I ask one question of the public watching this debate. After €22 billion going into the black hole that is Anglo Irish Bank, do they see Anglo coming out in the future and lending one red cent to anyone who will ever work in Ireland? The answer is "it will not". Everybody knows that, yet at 8.30 p.m. tonight we will vote on using €2 billion from the National Pensions Reserve Fund that would fund infrastructure and capitalise the spin-out companies coming from research and development. It would have been available for the refit in terms of related technology. People are saying we must repeat the Fianna Fáil Party line that we are repairing the banks - by putting €22 billion into a bog hole. That is the test, and people can reasonably compare our proposals in regard to addressing the unemployment core of the real economy, including liquidity and credit to small and medium-sized enterprises, which is important.

One might say, would AIB not do this or would Bank of Ireland not be able to do this when it has taken so much of the State's money? That is simply not the case because the legacy of this is that between 1998 and 2007 bank lending increased by 500%. A total of 67% of that was in property and 14% in institutional lending. What was left for the real economy? They have no record of lending to the real economy. Why should we trust them now and say there has been such a change in culture that they will give up their aul sins and start lending to the real economy. There is not a shred of evidence for that.

The Members should not just believe me on this issue. Deputy Gilmore, the leader of the Labour Party, in moving our motion last night, quoted the Governor of the Central Bank who stated:

I think it's fair to say – and what data we have seem to bear this out – that banks in Ireland reacted to their own difficulties and to the downturn by greatly reducing their risk appetite. Some of this was a necessary adjustment, but the result has been limited availability of credit for start-up firms and SMEs. Indeed, I have the impression that, during the years of property-based lending, the banks have lost their edge in small business lending.

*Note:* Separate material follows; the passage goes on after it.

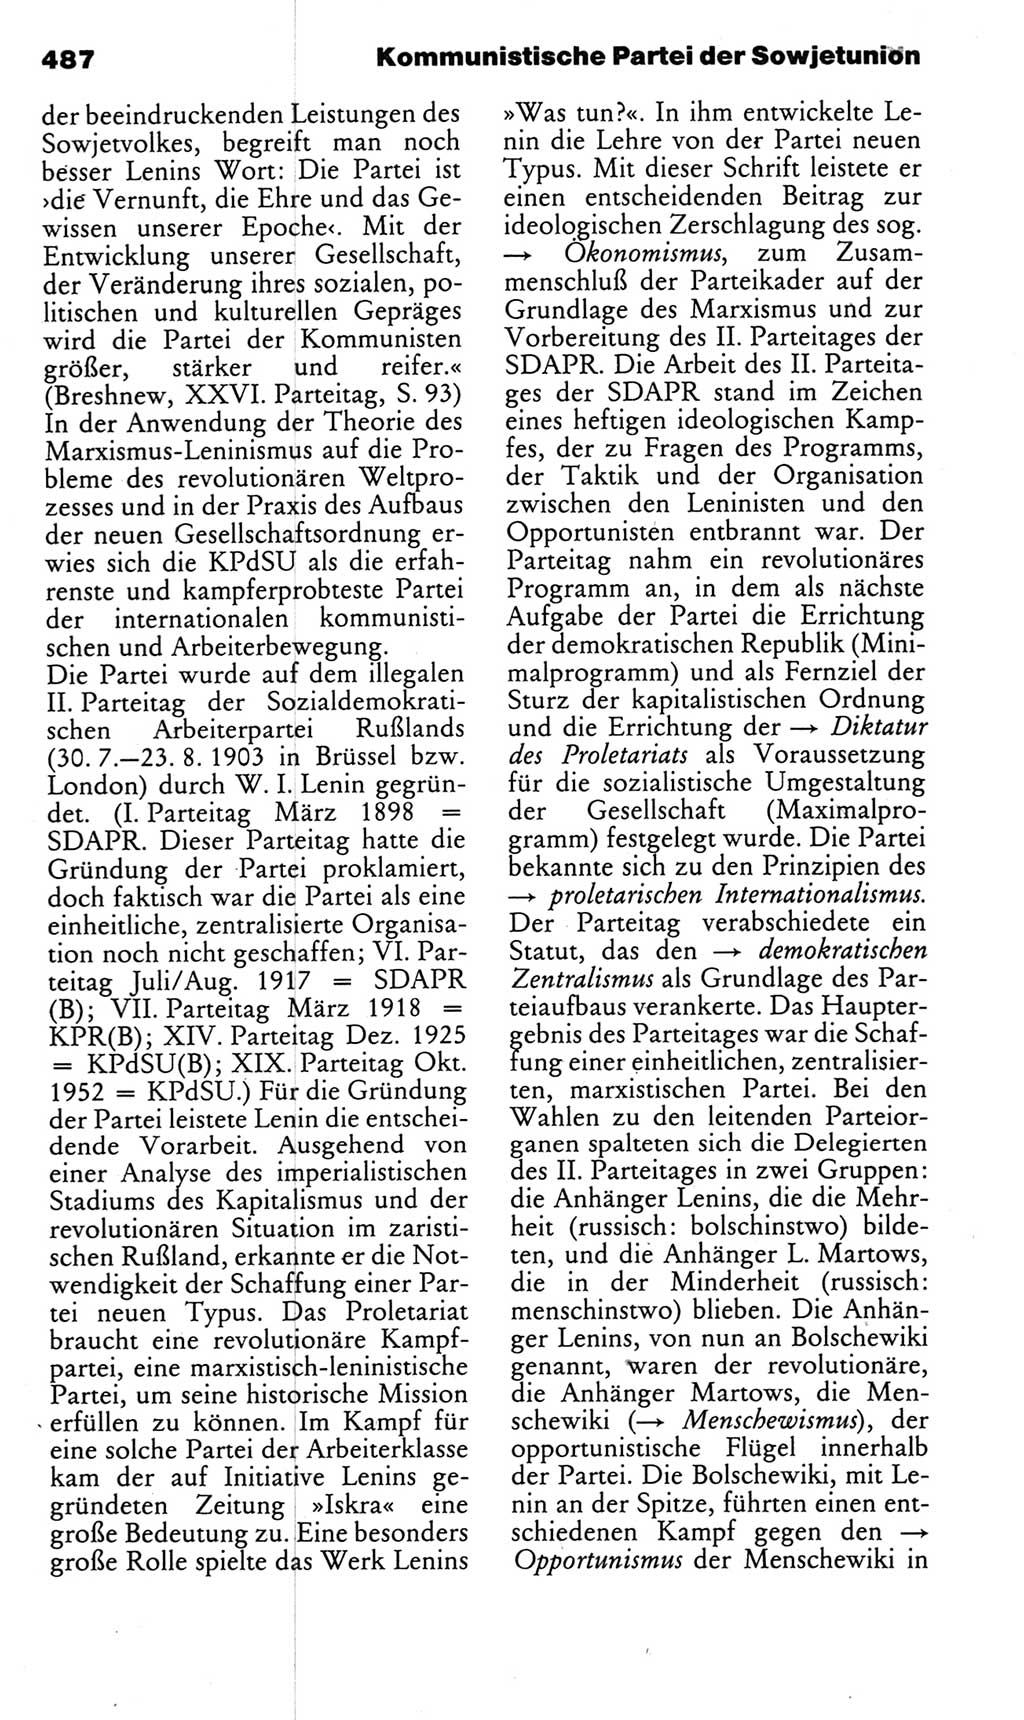 Kleines politisches Wörterbuch [Deutsche Demokratische Republik (DDR)] 1983, Seite 487 (Kl. pol. Wb. DDR 1983, S. 487)
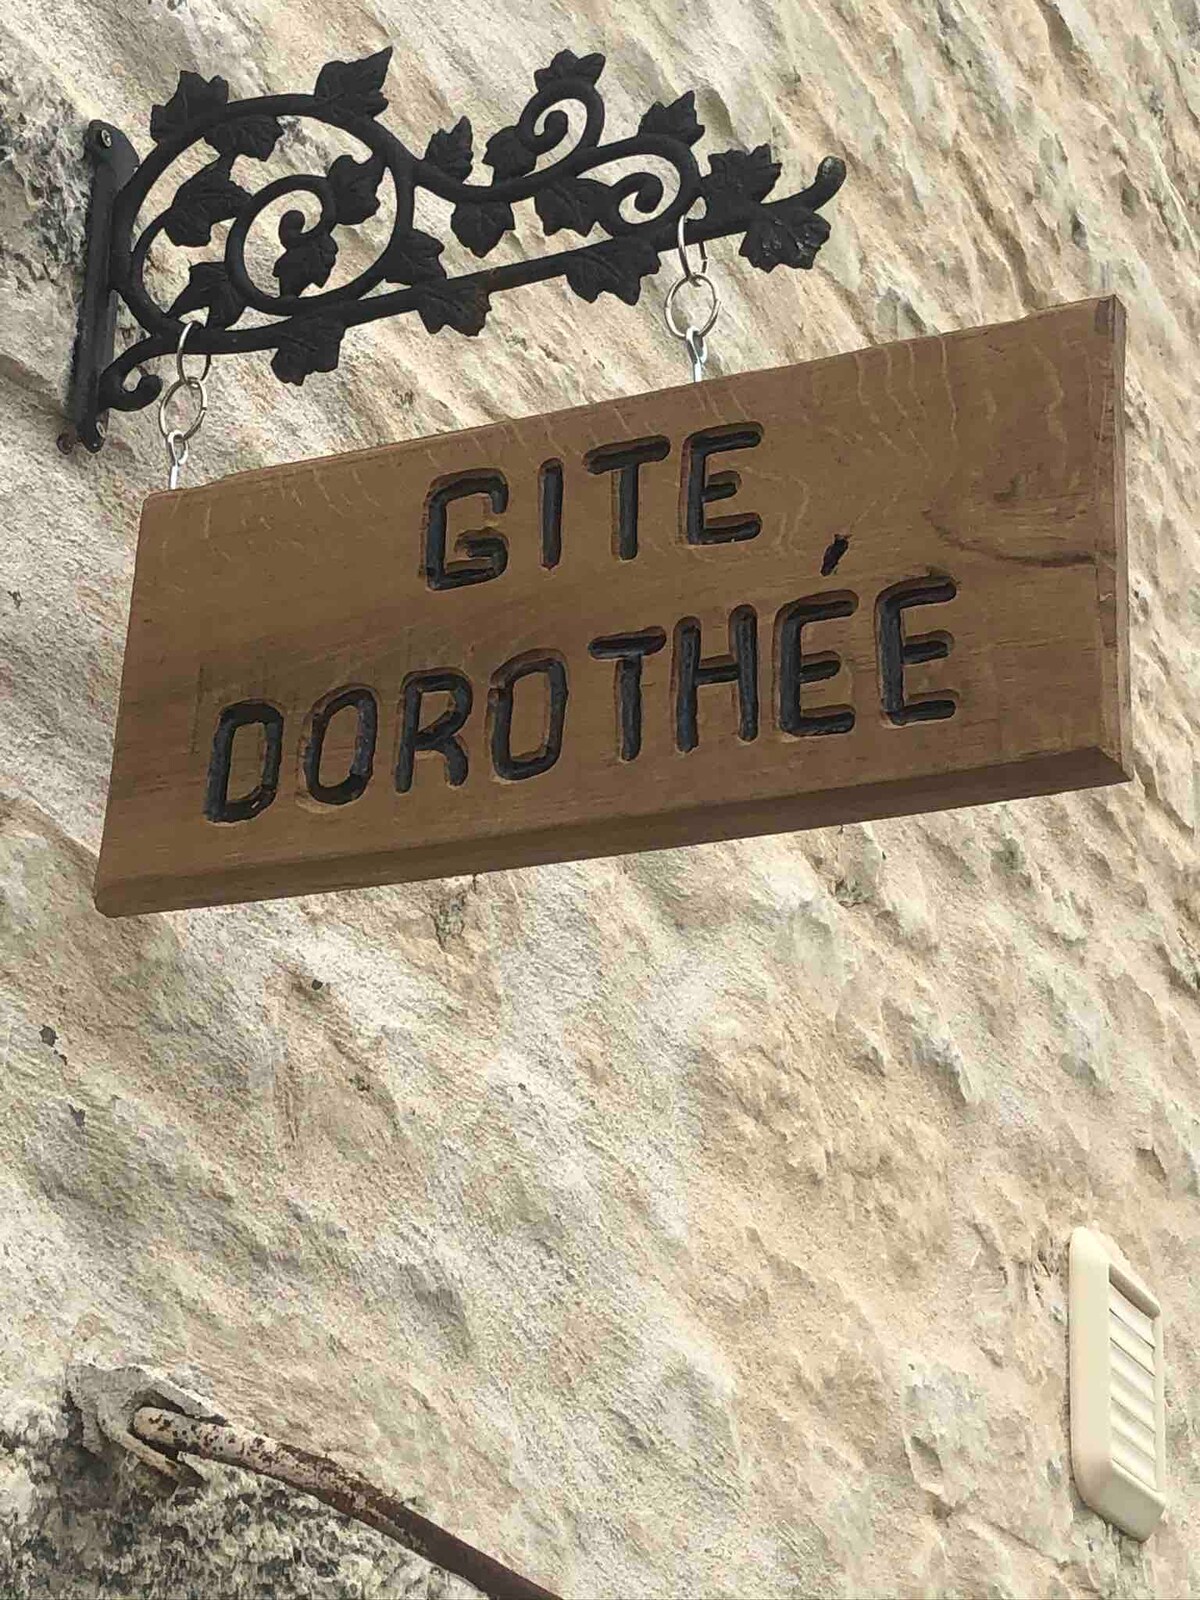 Gite Dorothee

This is the alternative to our motion. The result of what the banks did at that time was to make it impossible for people to put a roof over their heads because, for example, the ratio of the average gross salary to lending had increased to approximately eight or nine to one at a time when most European comparisons state that one has unaffordable housing when that ratio is 3:1. The choice tonight is to address in the short term the unemployment problem directly and immediately by way of the Labour Party proposal of a strategic investment bank or accept that the banks have all converted now and that if we wait long enough they will repair themselves. Such nonsense.